One AI, Every Interface
Platform teams carry operational knowledge that doesn't transfer easily. The debugging instincts, the service interdependencies, the deployment quirks — they accumulate over years and live in a small number of people's heads. When those people are unavailable, the gap shows.
We built Nova to encode that operational knowledge into a queryable system. This post covers what the architecture looks like and what we learned building AI that actually operates infrastructure.
How investigation works
Most AI tools will give you a checklist. Nova runs an actual investigation. Here's what that looks like in the terminal:
$ astroctl nova
> My payments service is returning 5xx errors
Nova is investigating...
┌─ Hypothesis Formed
│ OOMKilled pods — memory limits at 256Mi while avg usage is 380Mi
│
├─ Evidence Collected
│ 3/5 pods restarted in last 10 min. Memory: avg 380Mi, peak 512Mi
│ Last deploy: 2h ago (payments-service:v2.14.3 → v2.15.0)
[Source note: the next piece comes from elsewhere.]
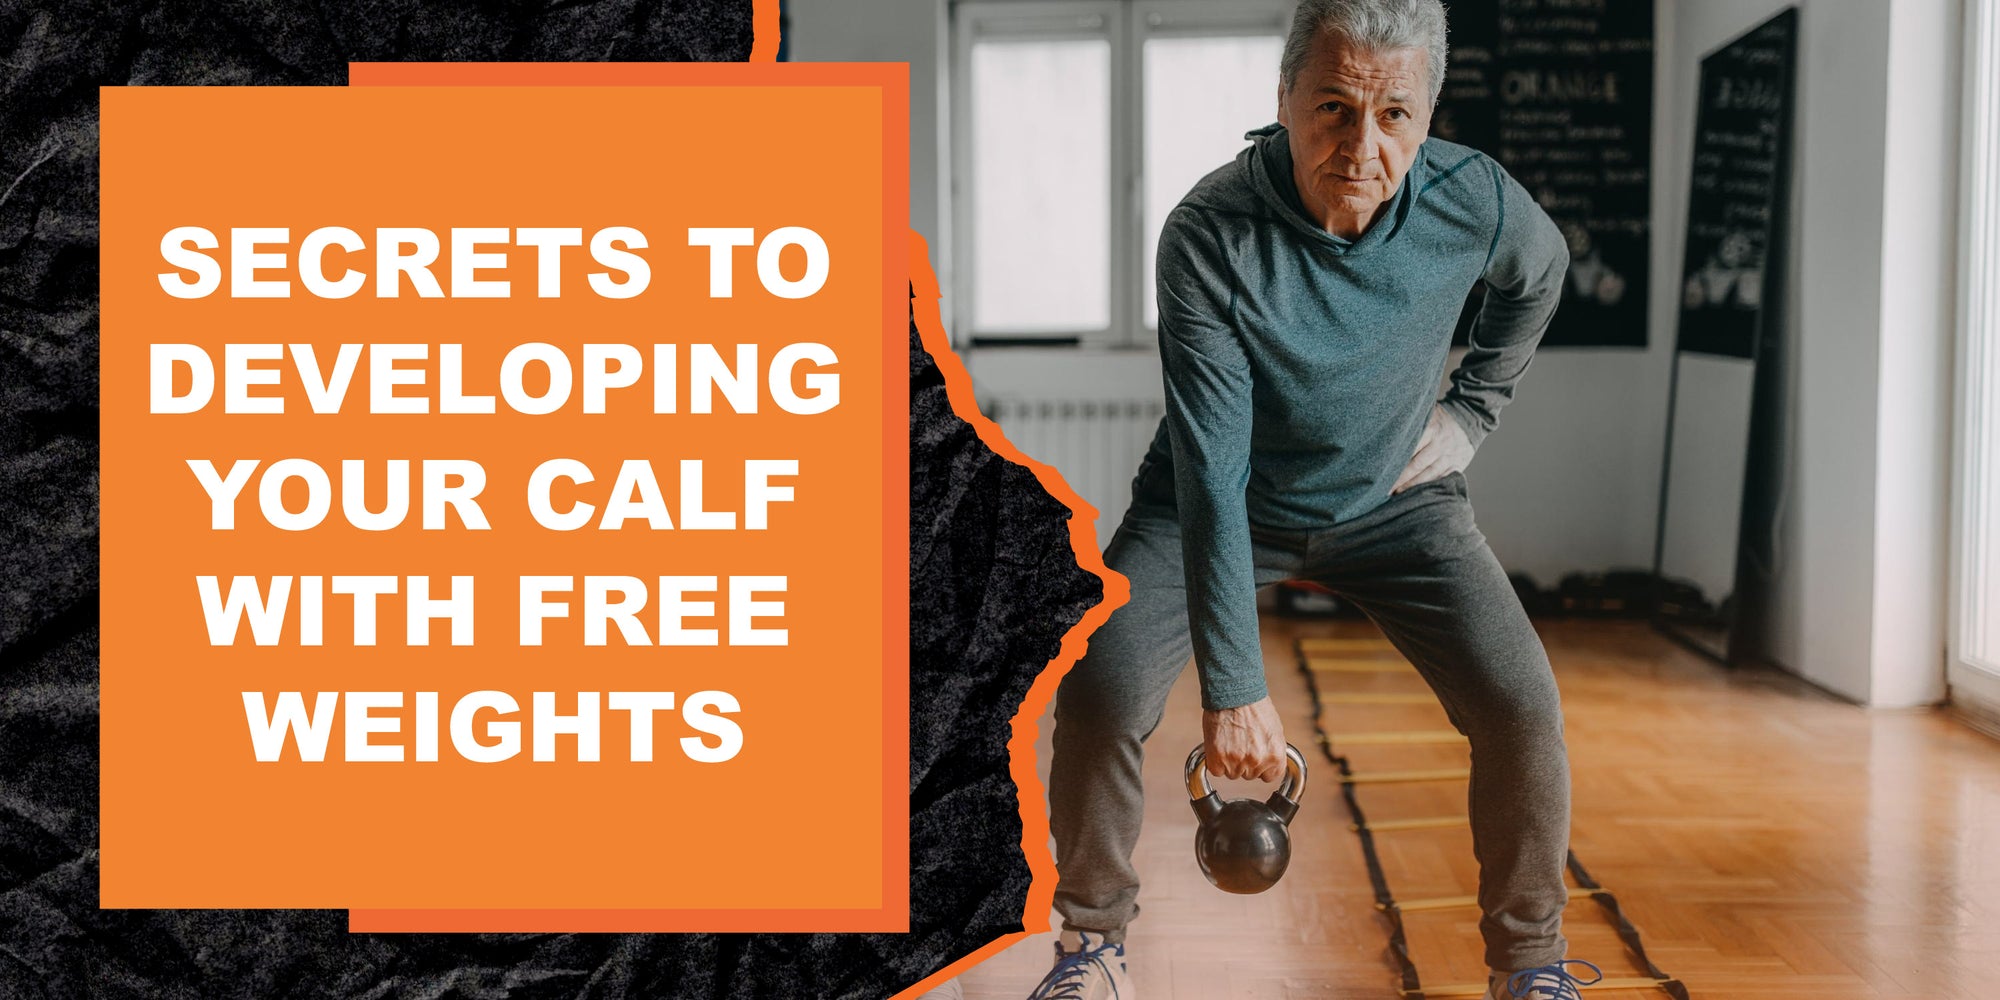 Secrets to Developing Your Calf with Free Weights

│ v2.15.0 added in-memory session cache — no corresponding limit bump
│
├─ Hypothesis Revised
│ Initial theory confirmed. The deploy introduced memory regression,
│ not a traffic spike. Limits need updating.
│
└─ Remediation Proposed (Risk: LOW)
Increase memory limits to 512Mi — matches observed peak usage
kubectl patch deploy payments-service -n prod \
-p '{"spec":{"template":{"spec":{"containers":[{"name":"payments",
"resources":{"limits":{"memory":"512Mi"}}}]}}}}'
✓ Patch applied — rolling restart in progress
The investigation pipeline follows the same structure an experienced SRE would: classify, gather evidence, hypothesize, test, and remediate. But the part that actually matters is backtracking. When evidence contradicts a hypothesis, Nova drops it and tries the next path. We tuned the confidence scoring to be asymmetric — confirming evidence nudges the score up; contradicting evidence tanks it. Confirmation bias is the most dangerous failure mode in debugging, and we'd rather Nova abandon a promising theory early than chase it through three more tool calls.
The investigations are backed by playbooks for common failure modes — OOM, cert expiry, DNS, deployment regressions, queue backlogs. Not rigid scripts, more like decision trees that encode the debugging instincts your best SRE carries around. The kind of institutional knowledge that usually walks out the door when someone leaves.
Skills
We hardcoded integrations at first. A Kubernetes module. A Slack module. A GitHub module. The first five were fine. By integration fifteen, we were spending more time maintaining connectors than building the actual AI.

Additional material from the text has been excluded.